The 4,860 websites were analyzed for two variables:

  • Source type describes the different types of websites that coronavirus-related posts linked to. There were a total of 20 mutually exclusive source types, grouped into six broad categories:
    • News organizations – Television stations, digital native news organizations, print publications, news aggregators, radio & podcasts, wire services
    • Social sharing sites – Blogs, social media sites, other discussion sites
    • Nonprofit & research organizations – Nonprofit & advocacy organizations, academic & research organizations, fact-checking sites
    • Health care & scienceHealth care entities (e.g., hospitals, doctors), public health agencies (e.g., CDC)
    • Government and political sites – no subcategories
    • Other sites – Non-U.S. sites, business sites, satirical & humor sites, religion sites, other sites

Geographic focus: This variable was only analyzed for those sites that were news organizations, as described above. This variable identified whether a news organization was local (the outlet focused on news in a U.S. city, state or another specific local area), non-U.S. (the outlet focused on a foreign country or area) or had no geographic focus.

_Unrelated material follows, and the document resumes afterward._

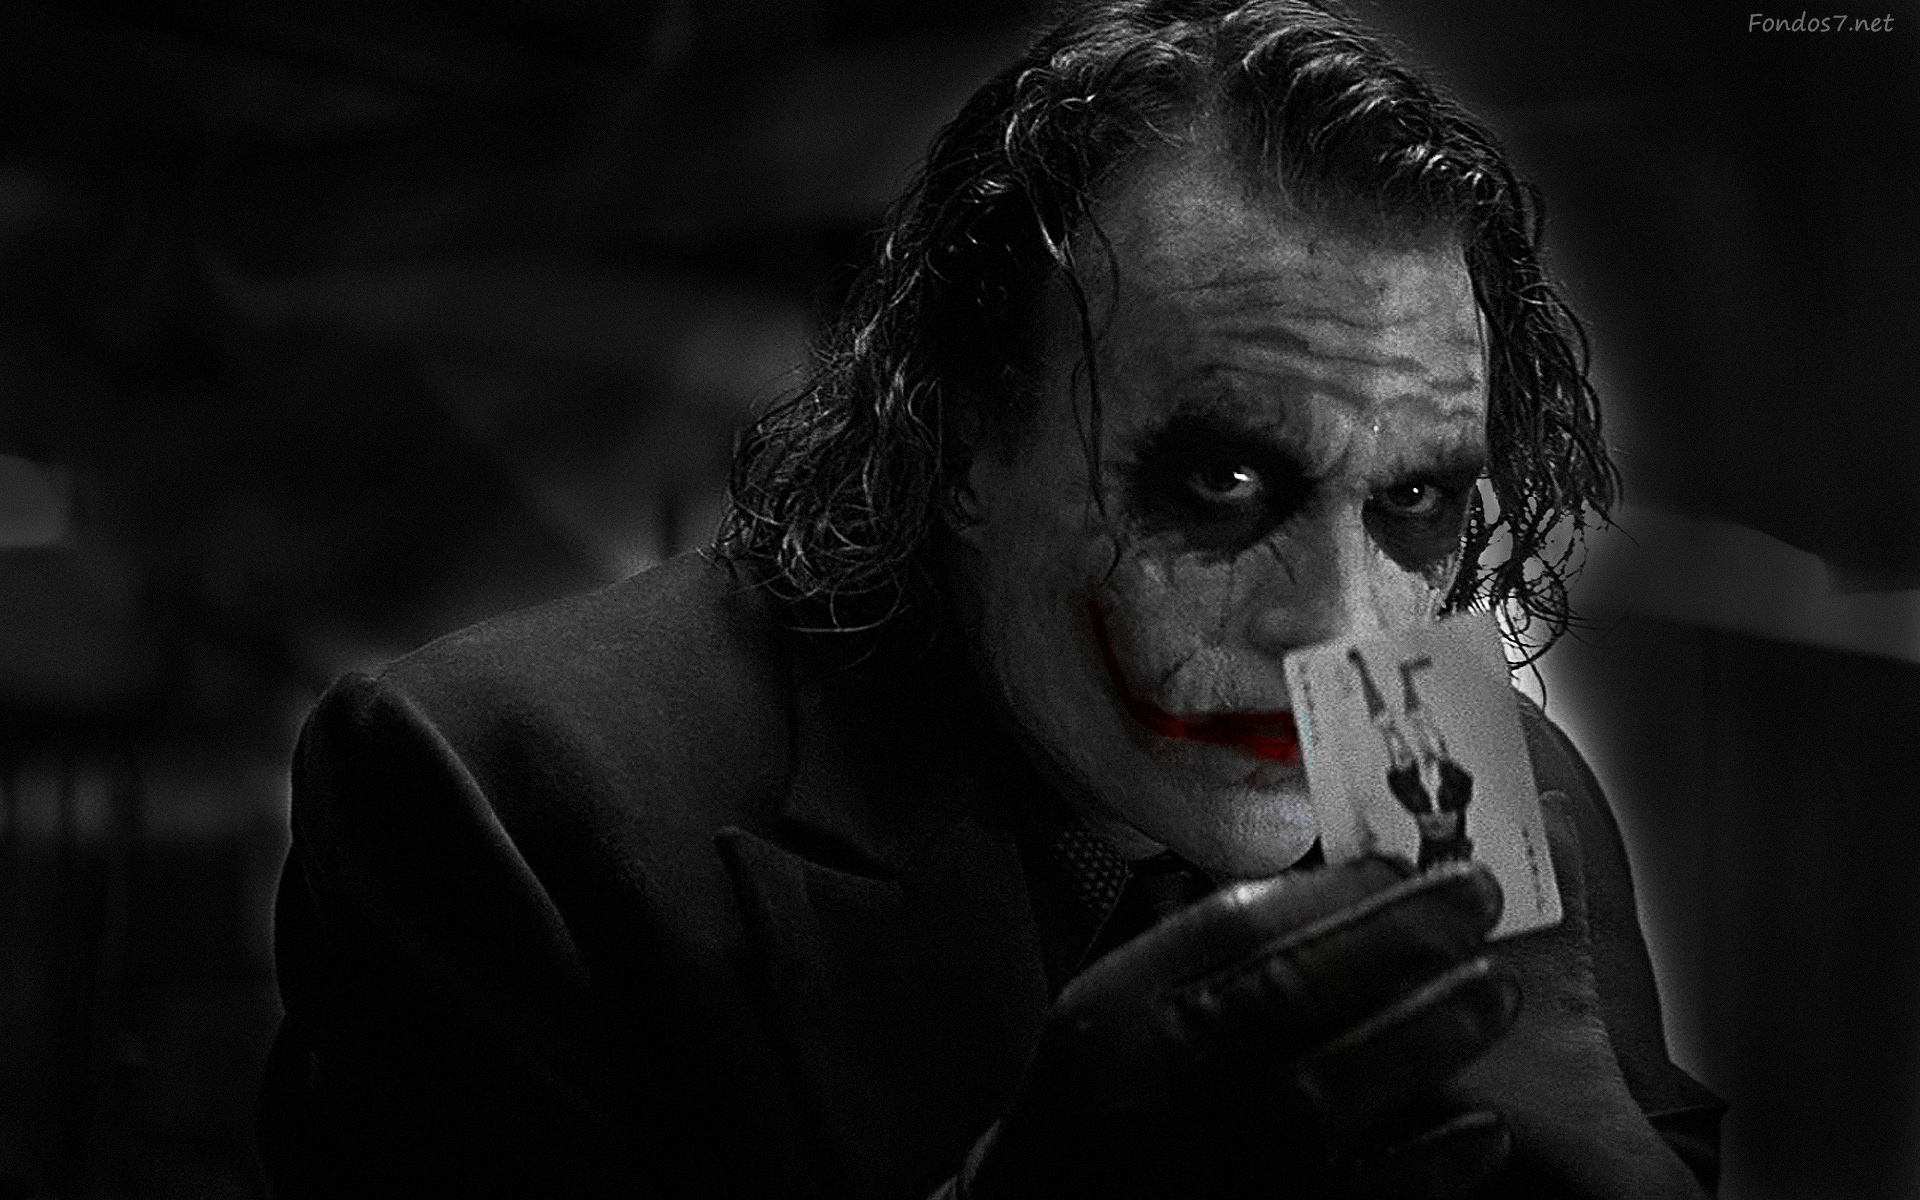 10. The Joker's blonde hair in the film "Batman: The Dark Knight" - wide 1

Coders were given multiple sets of public spaces and sites to evaluate during the training process. Coding began once internal agreement of how to code the variables was established. The Cohen’s kappa (for public spaces, which had two coders) and Krippendorff’s alpha (for sites, since there were more coders) estimate for each variable is below. During this process, coders trained on 300 public spaces and 205 sites.

  • Public spaces subject orientation: 0.83
  • Public spaces geographic focus: 0.88
  • Sites source type: 0.91

Analysis of the geographic focus for news organizations was done collaboratively with two coders and was not tested for intercoder reliability, as they talked through each case.

Throughout the coding process, coders discussed questions as they came up and arrived at decisions under the supervision of the content analysis team leader.